■ Problem requirements
Could you give again exactly, and only, the lines from the one holding "Atomizador Costal A" through the end of the data, both ends included, with pictures left out?

■ Data segment

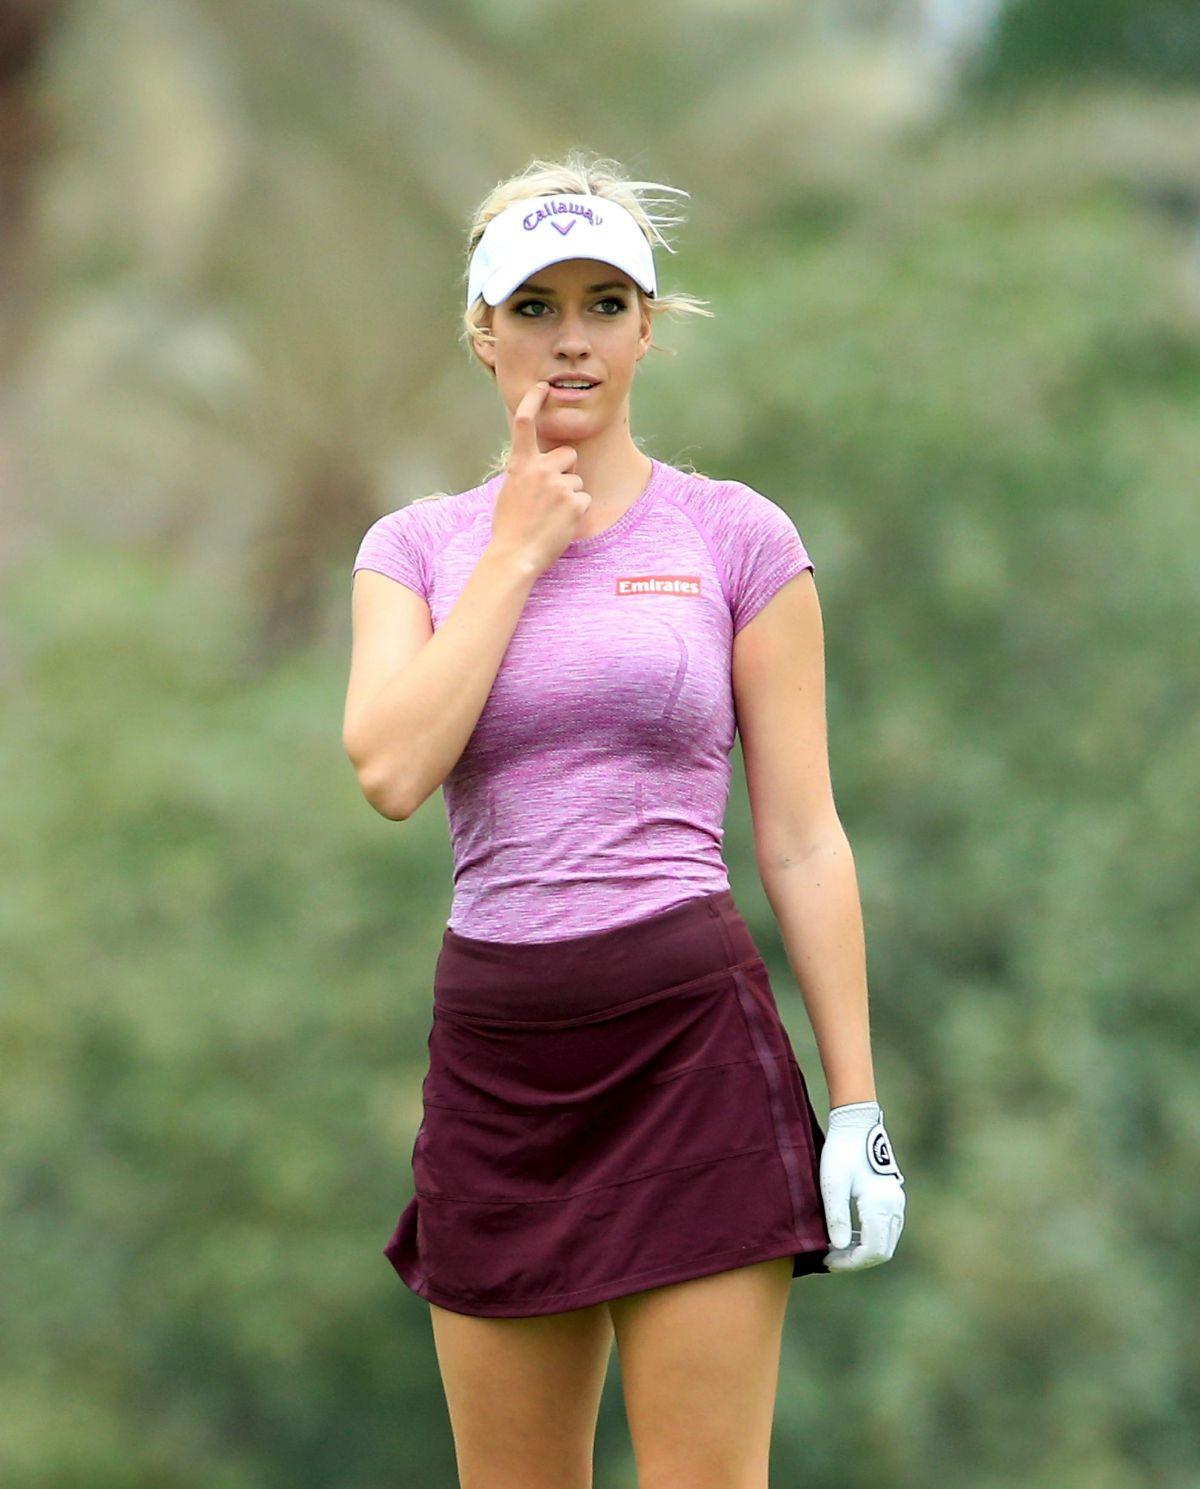 PAIGE SPIRANAC at Omega Dubai Ladies Masters 2015
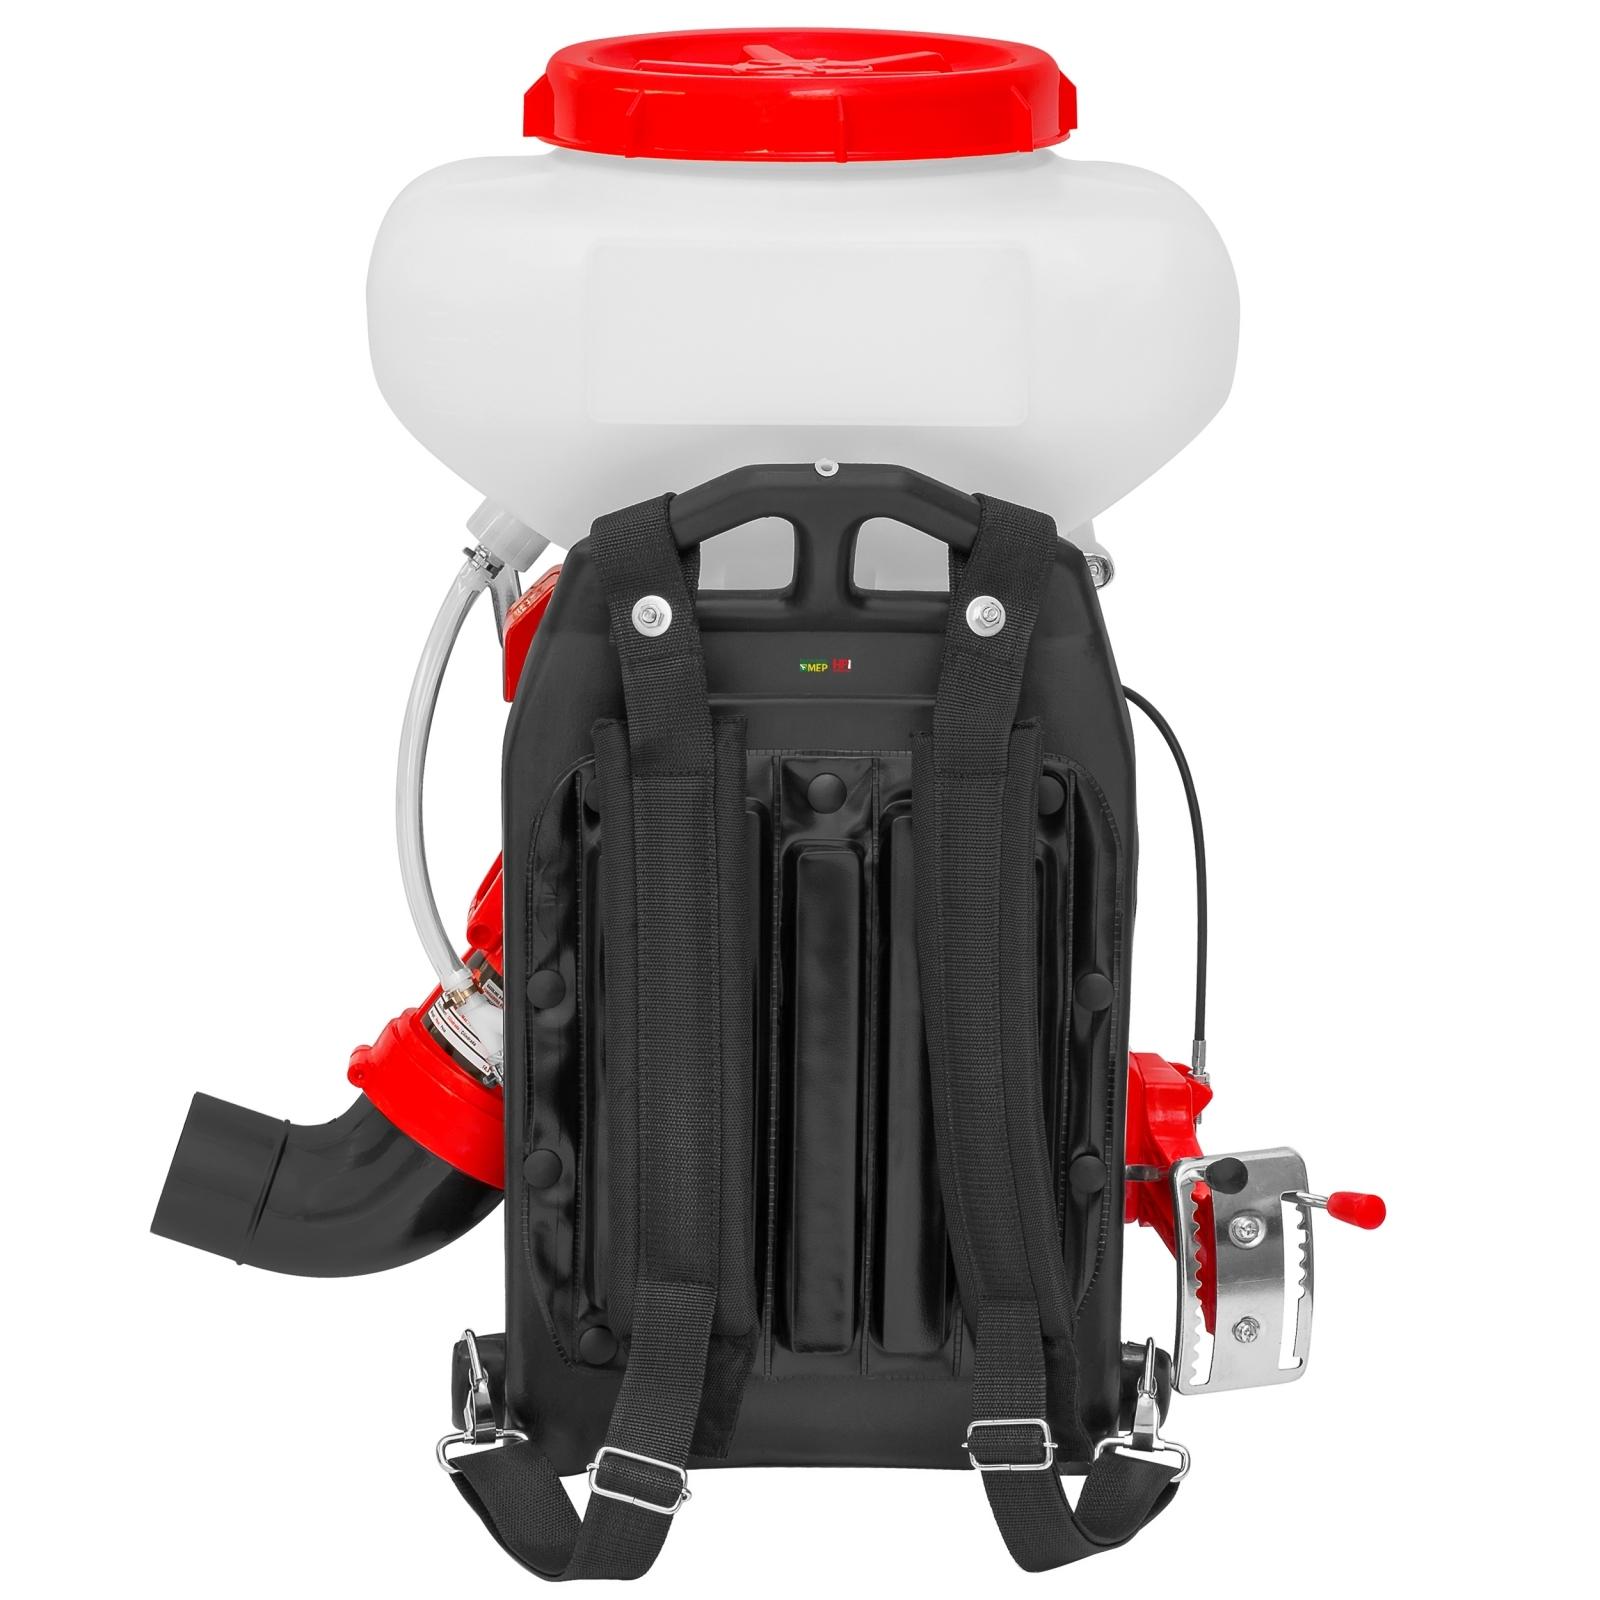 Atomizador Costal A Gasolina Toyama Modelo Tmd42bu - Ferramentas MEP
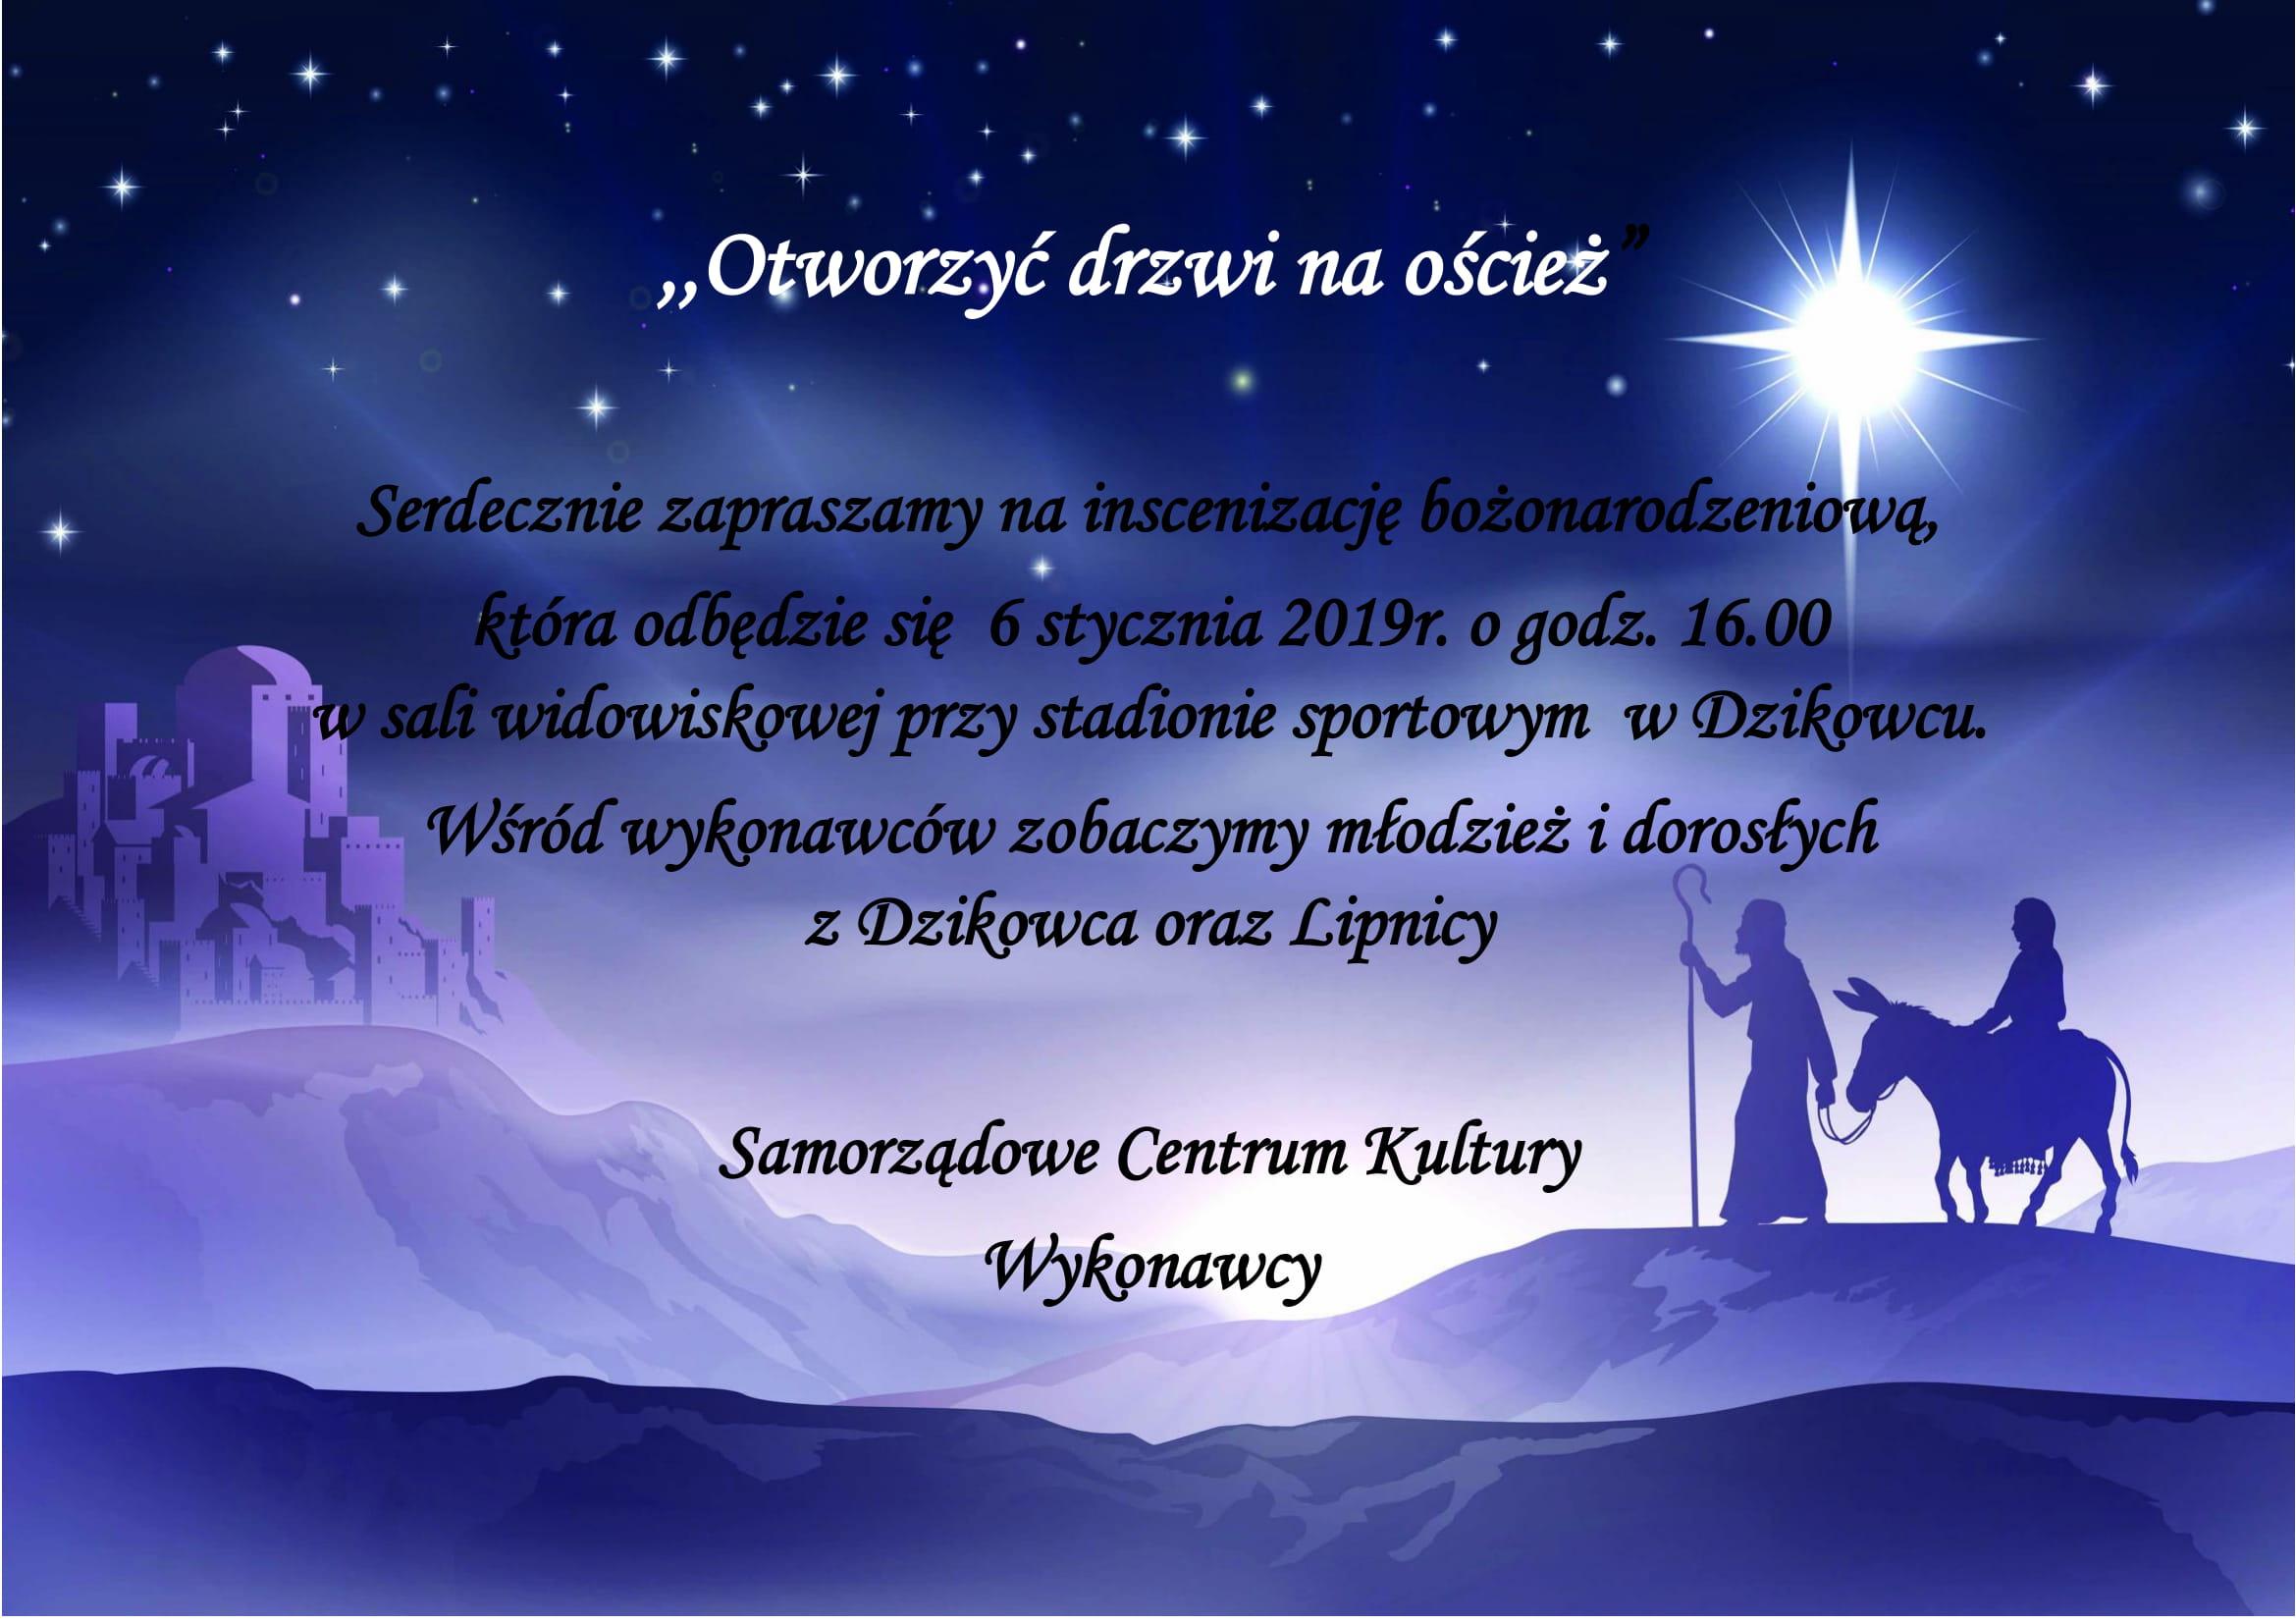 Już niebawem w Dzikowcu odbędą się jasełka bożonarodzeniowe - Zdjęcie główne

■ Solution to this problem
 Atomizador Costal A Gasolina Toyama Modelo Tmd42bu - Ferramentas MEP
 Już niebawem w Dzikowcu odbędą się jasełka bożonarodzeniowe - Zdjęcie główne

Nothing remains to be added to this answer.